**PROBLEM STATEMENT**
Write out, with no changes, every line starting at the one that contains "Сиреневая всесезон пижама" and ending at the last line of the data below. Leave pictures out.

**DATA**
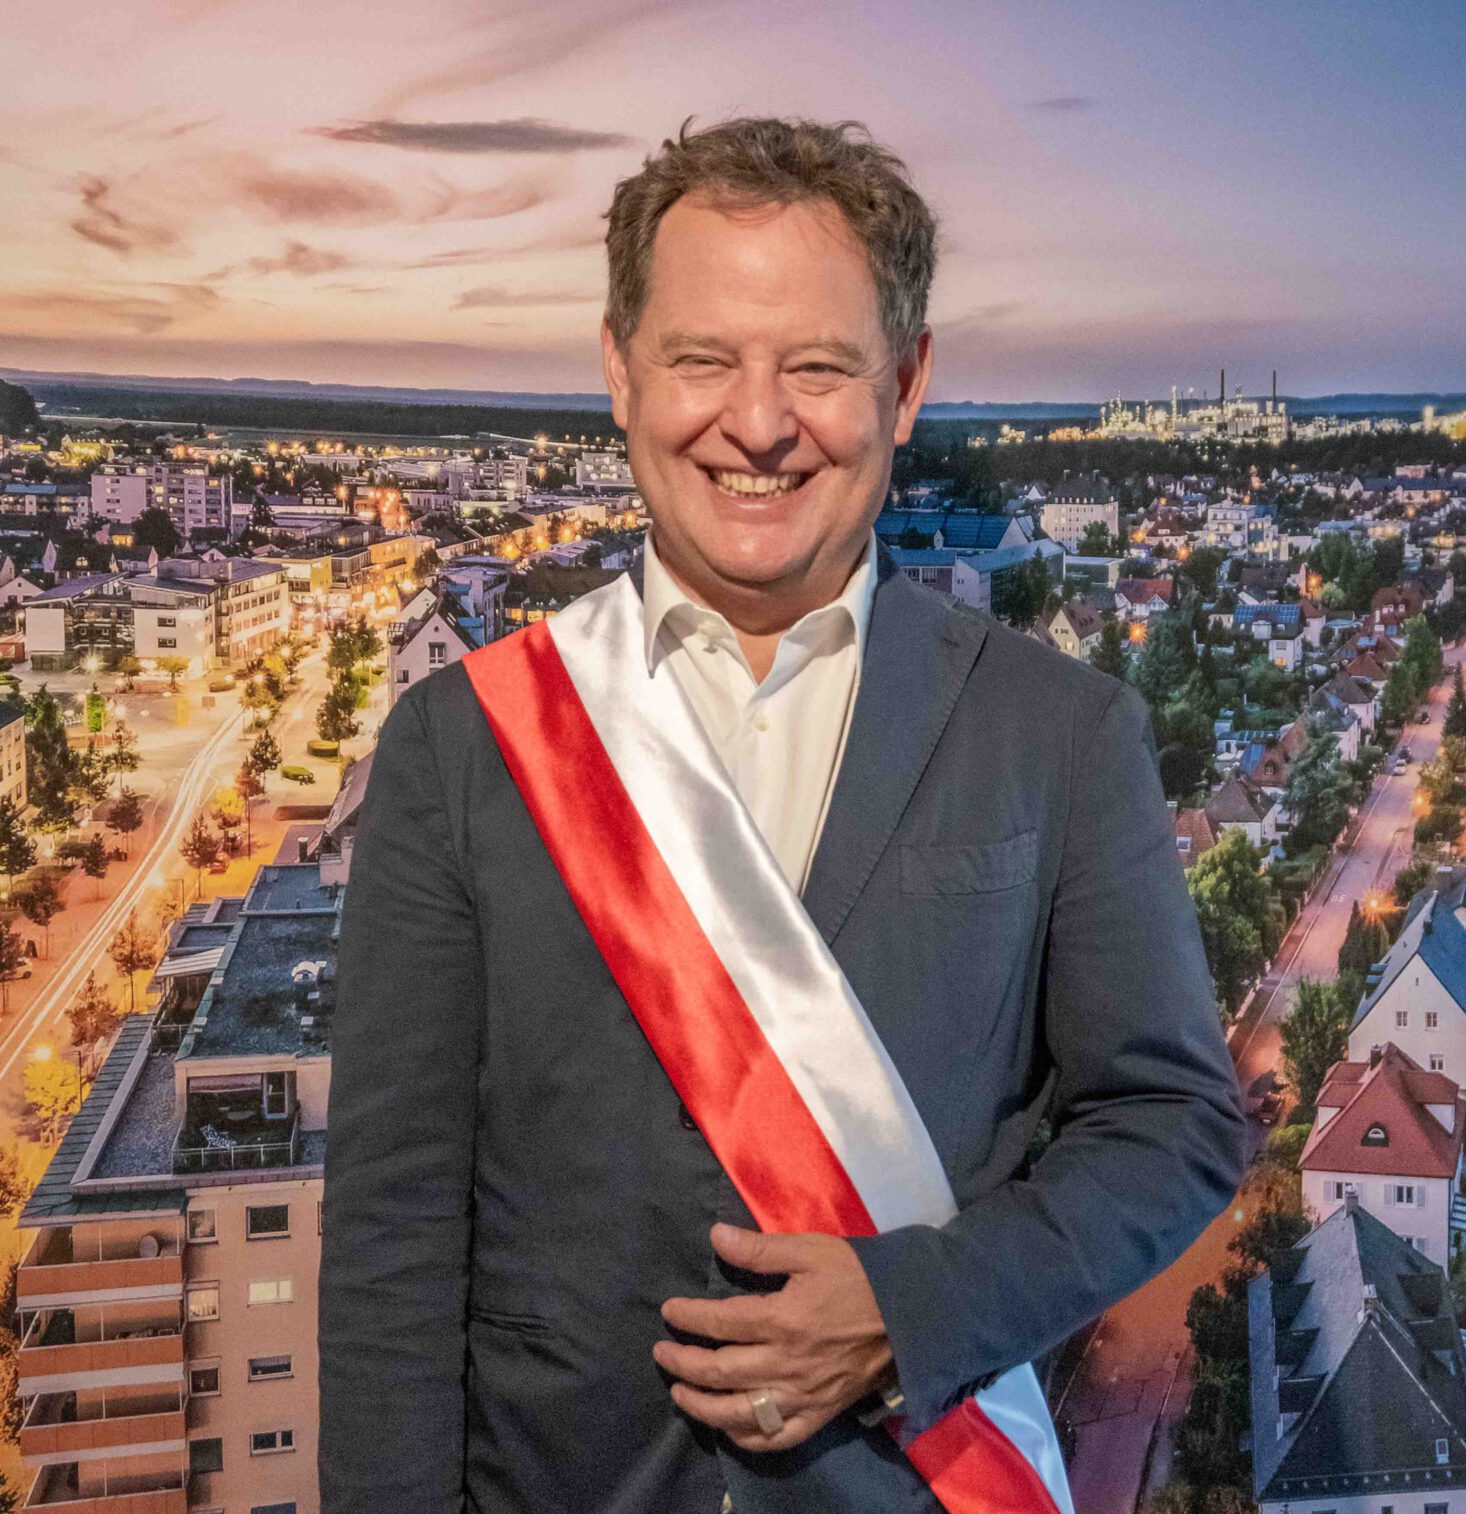 Erster Bürgermeister Florian Schneider mit der Schärpe aus der Partnerstadt Suloma © Stadt Burghausen / ebh
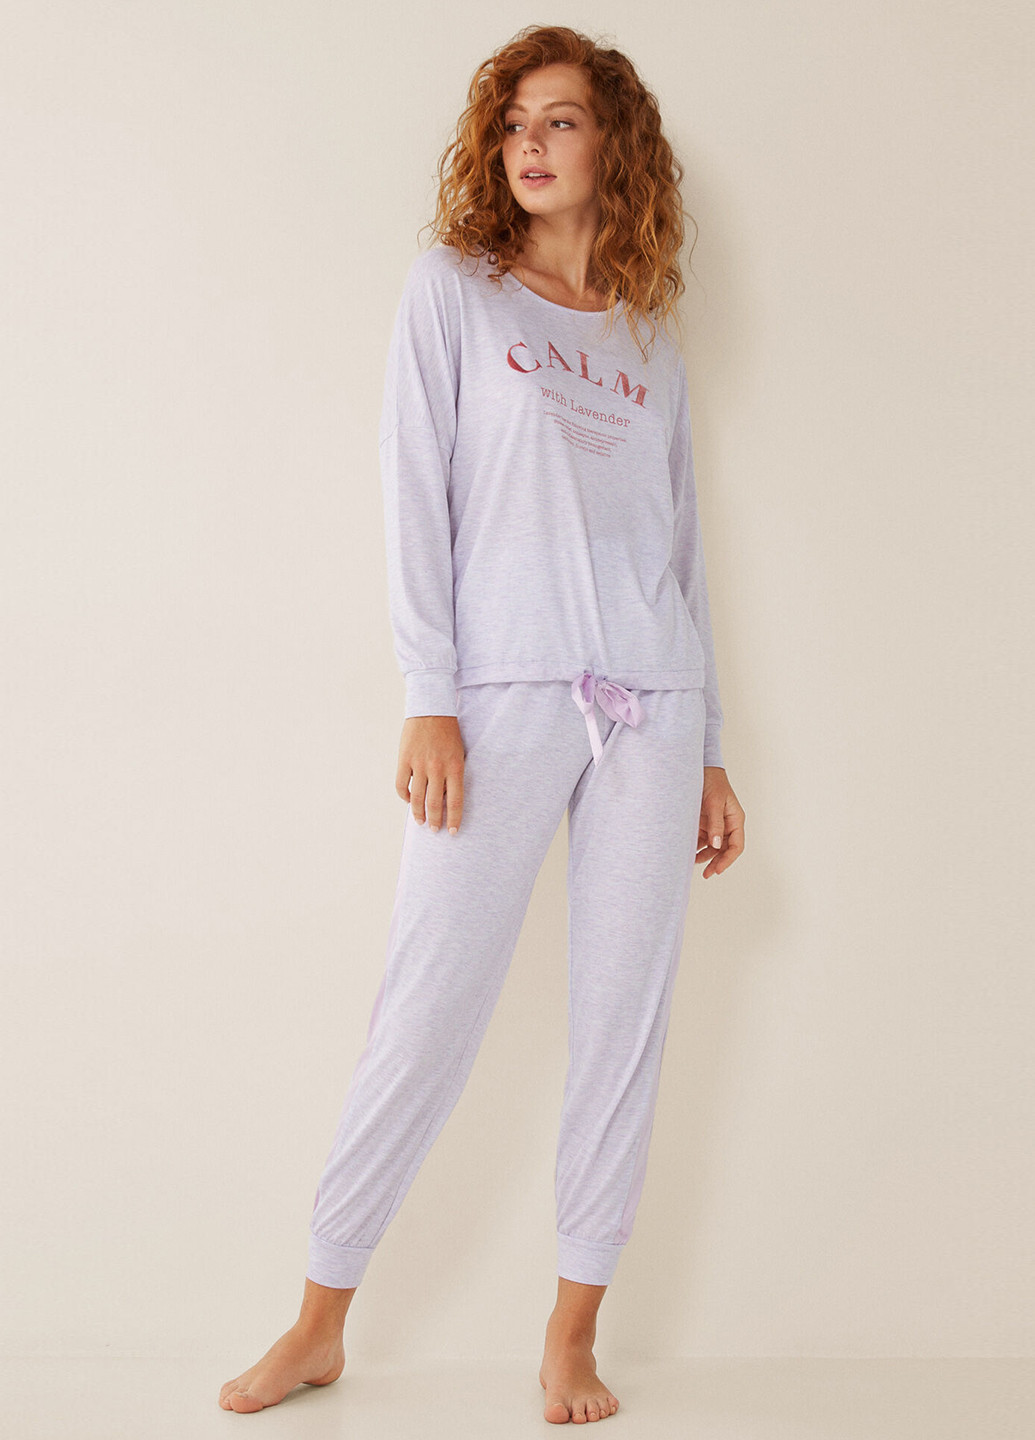 Сиреневая всесезон пижама (лонгслив, брюки) лонгслив + брюки Women'secret
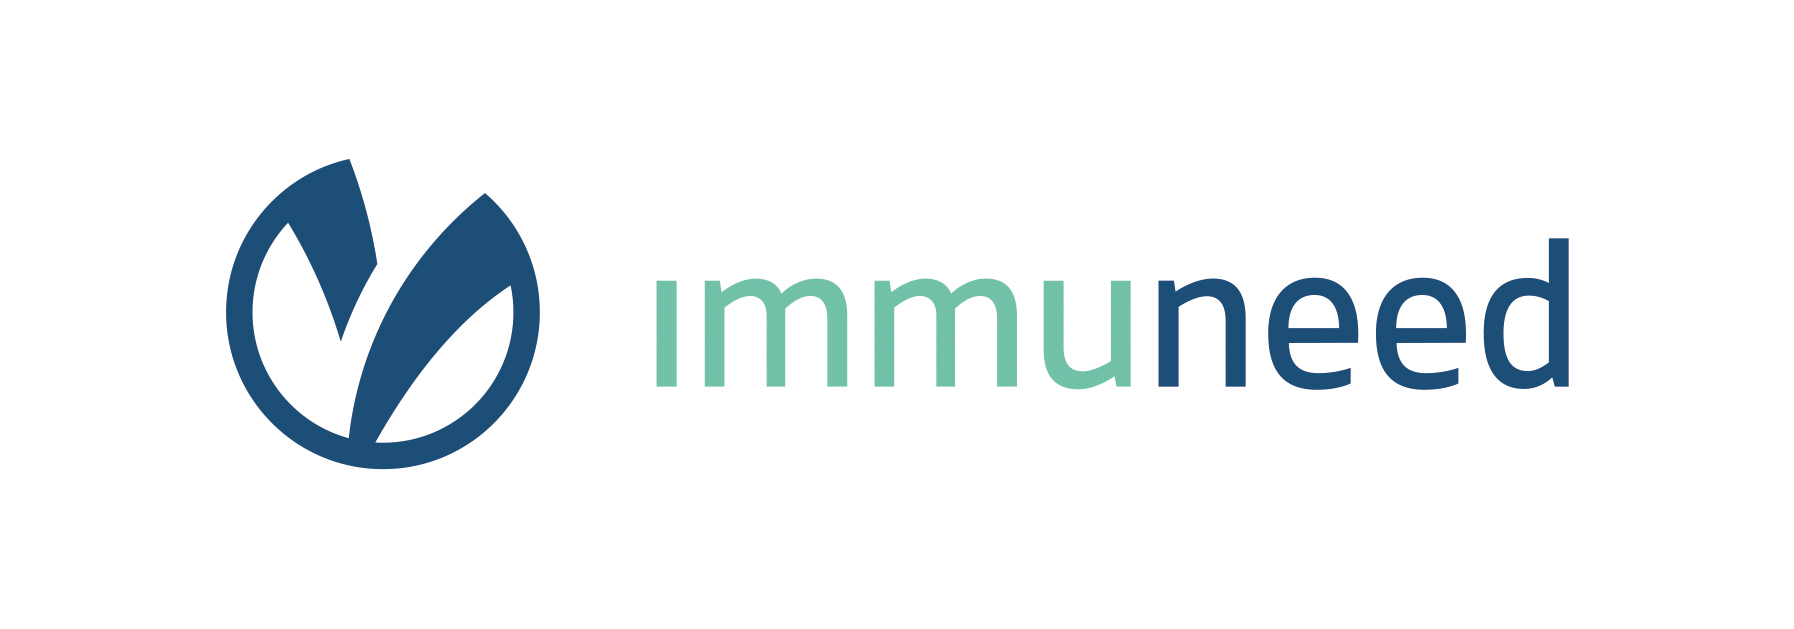 Immuneed

**EXERCISE OUTPUT**
 Сиреневая всесезон пижама (лонгслив, брюки) лонгслив + брюки Women'secret
 Immuneed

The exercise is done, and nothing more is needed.